◆ TASK ◆
Your answer must be the full listing, word for word, with no images in it.

◆ PROVIDED DATA ◆
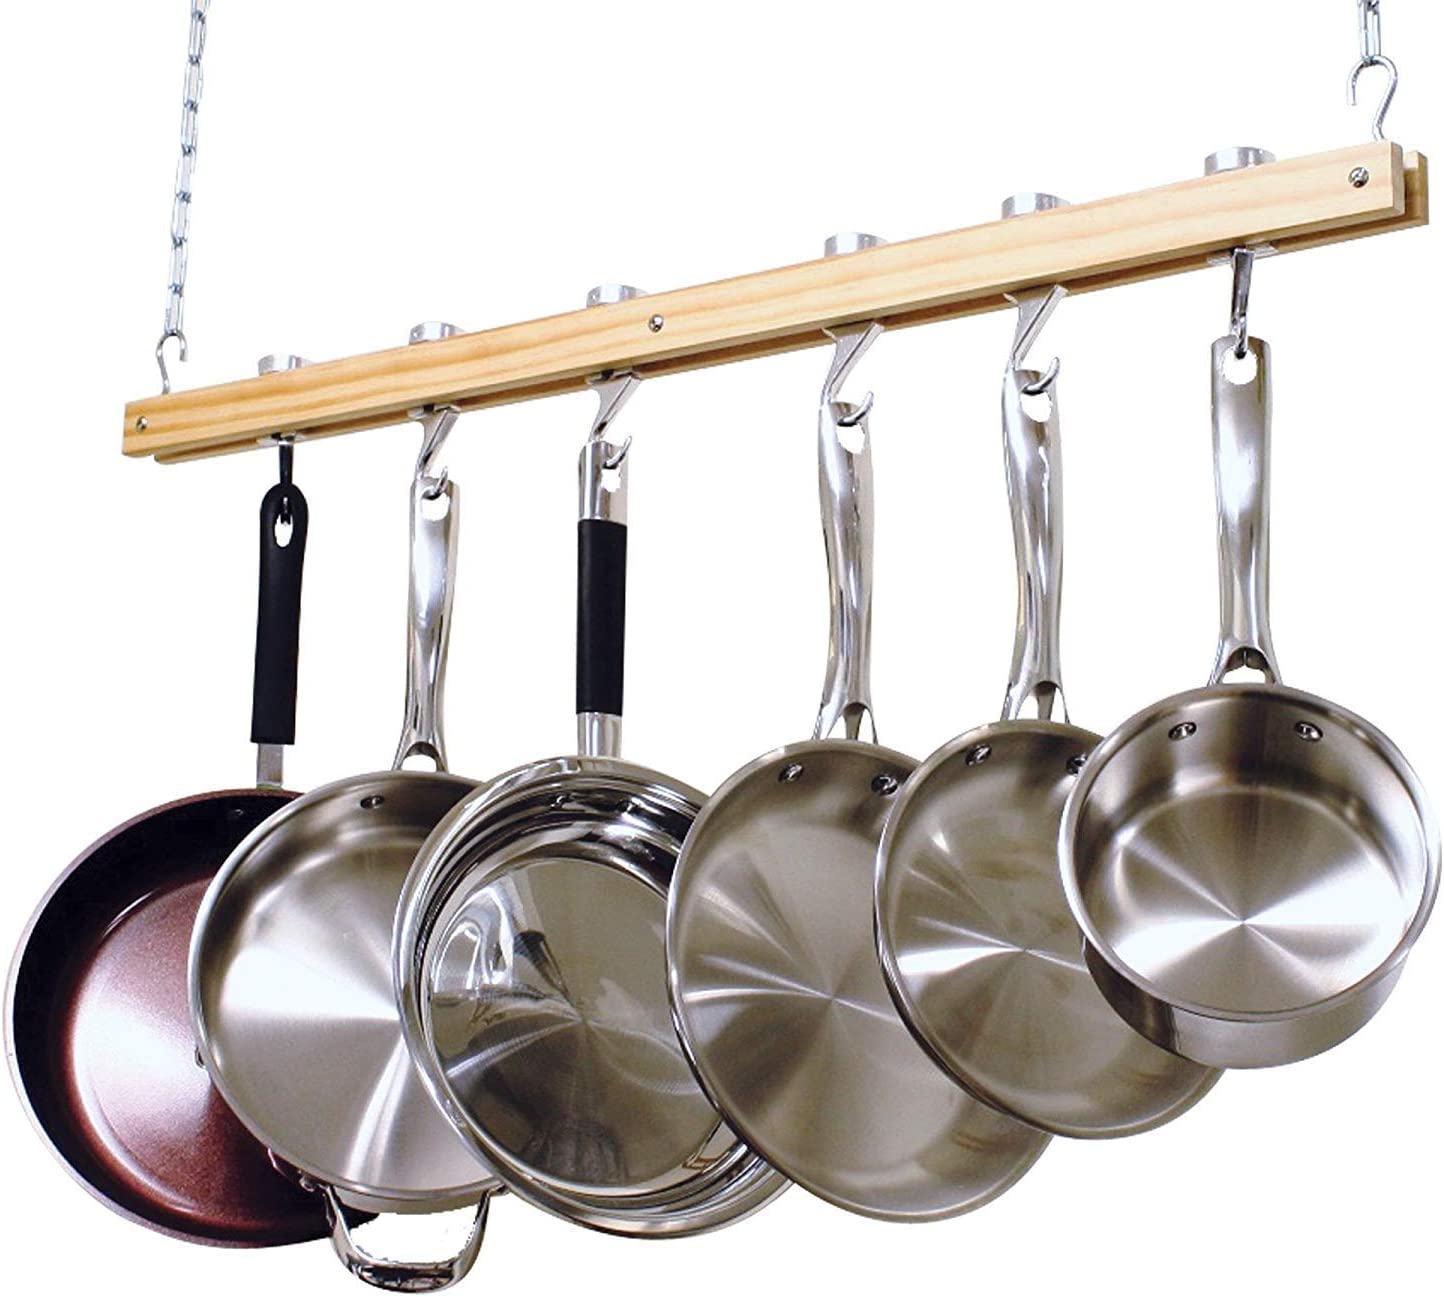 11 Best Pots and Pans Organizers to Maximize Your Space 2023
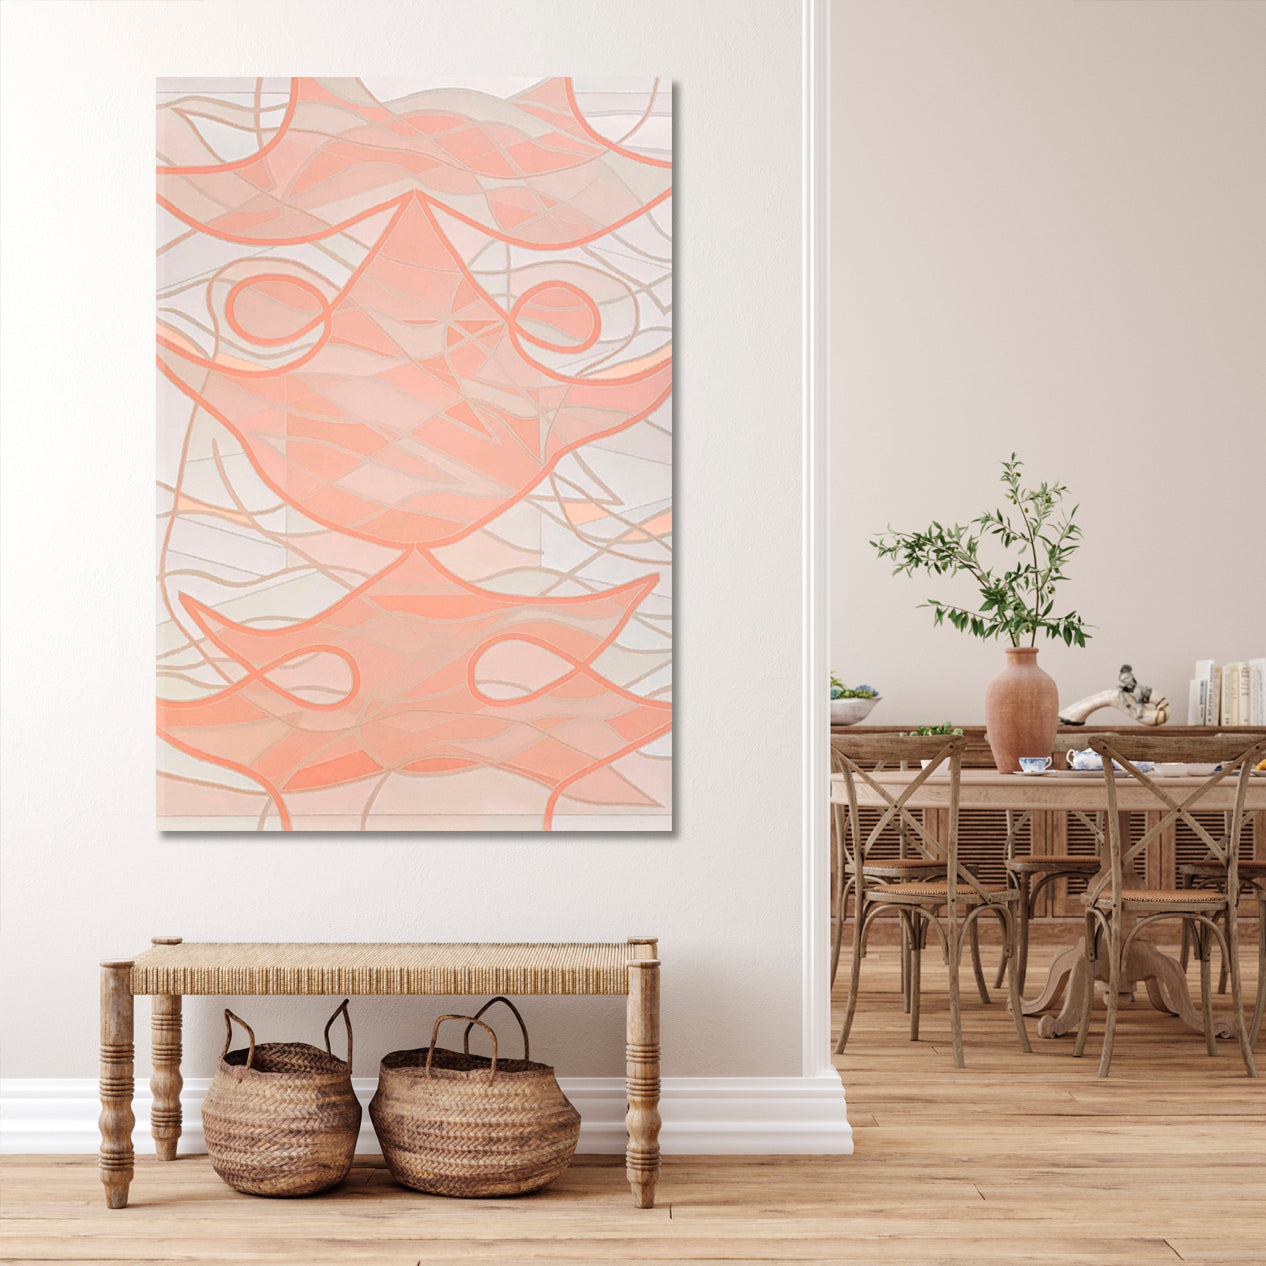 SOFT TENDER CORAL PASTEL Tangle of Lines Forms Color Fields Abstract Art Print Artesty   
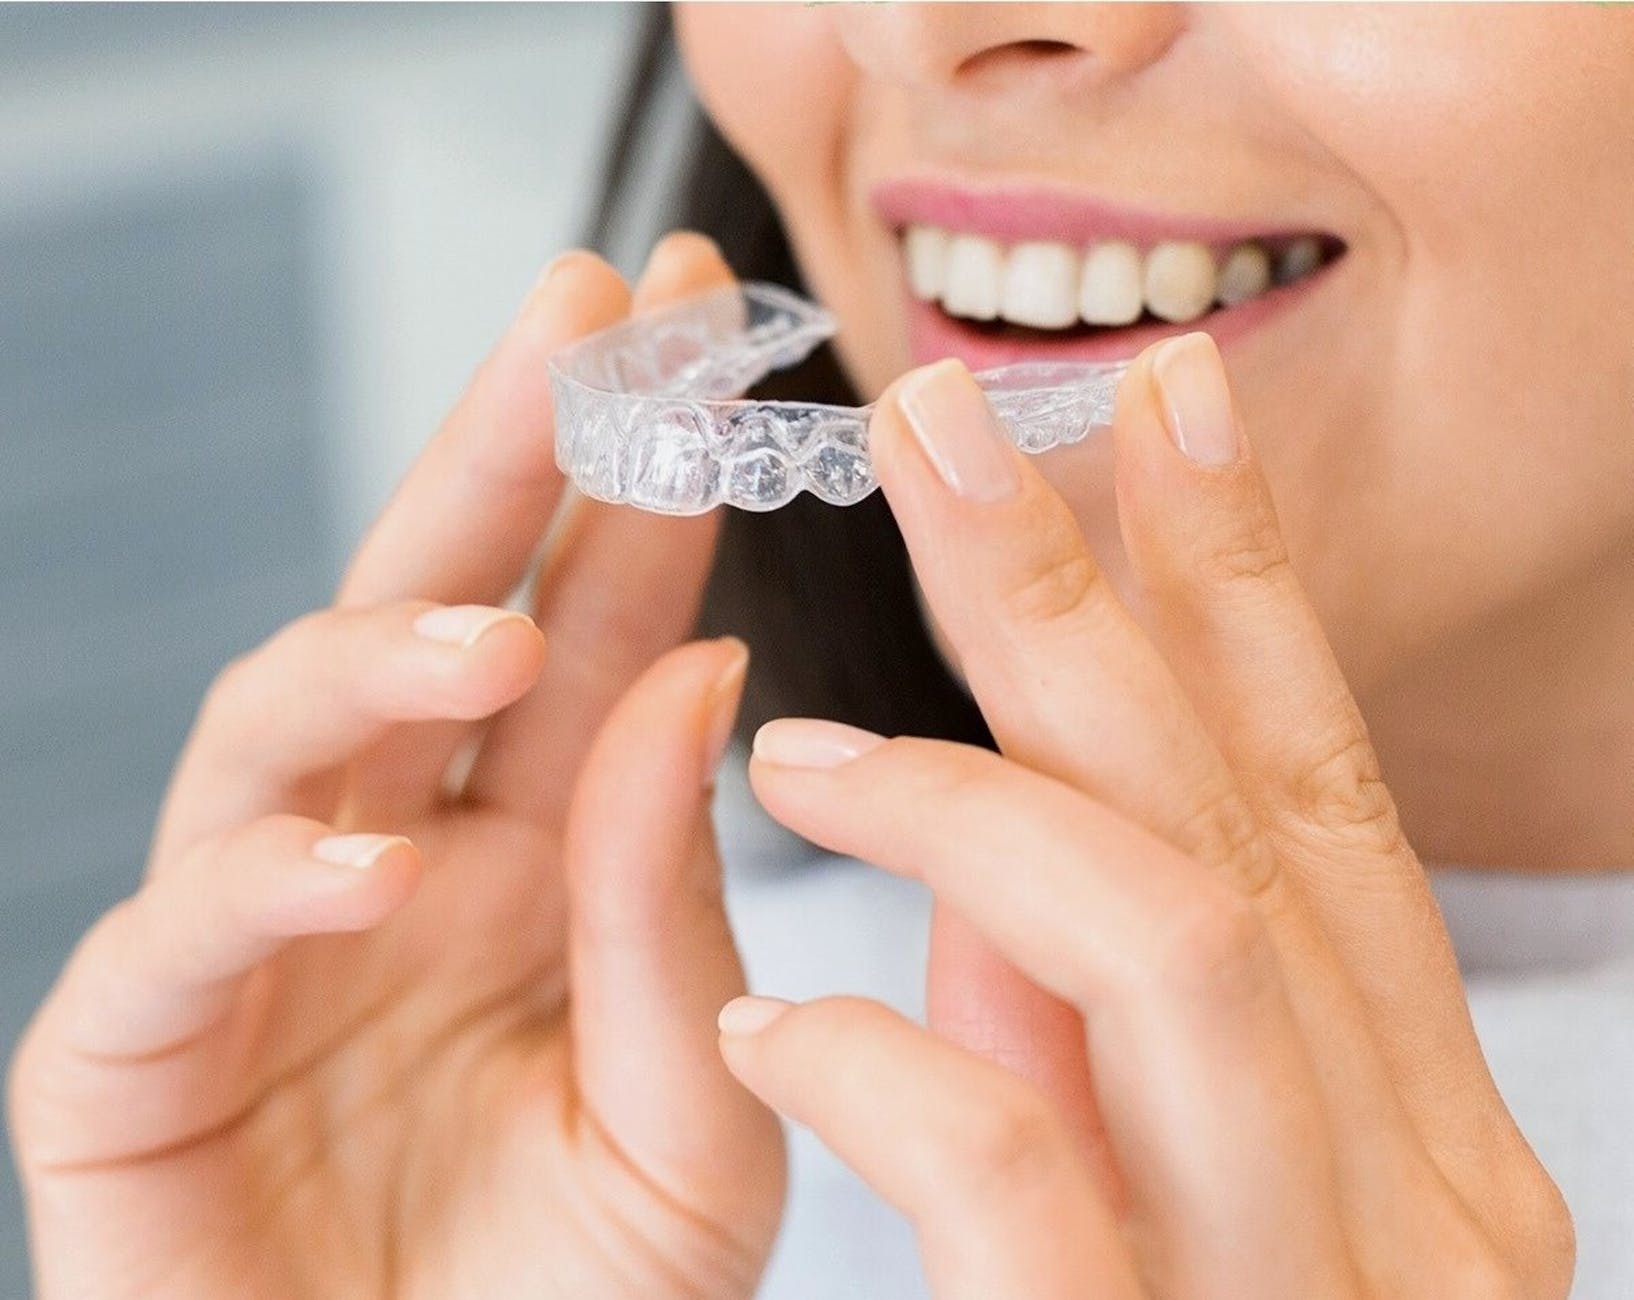 Does Insurance Cover Invisalign?

◆ ANSWER TO THE PROBLEM ◆
 11 Best Pots and Pans Organizers to Maximize Your Space 2023
 SOFT TENDER CORAL PASTEL Tangle of Lines Forms Color Fields Abstract Art Print Artesty   
 Does Insurance Cover Invisalign?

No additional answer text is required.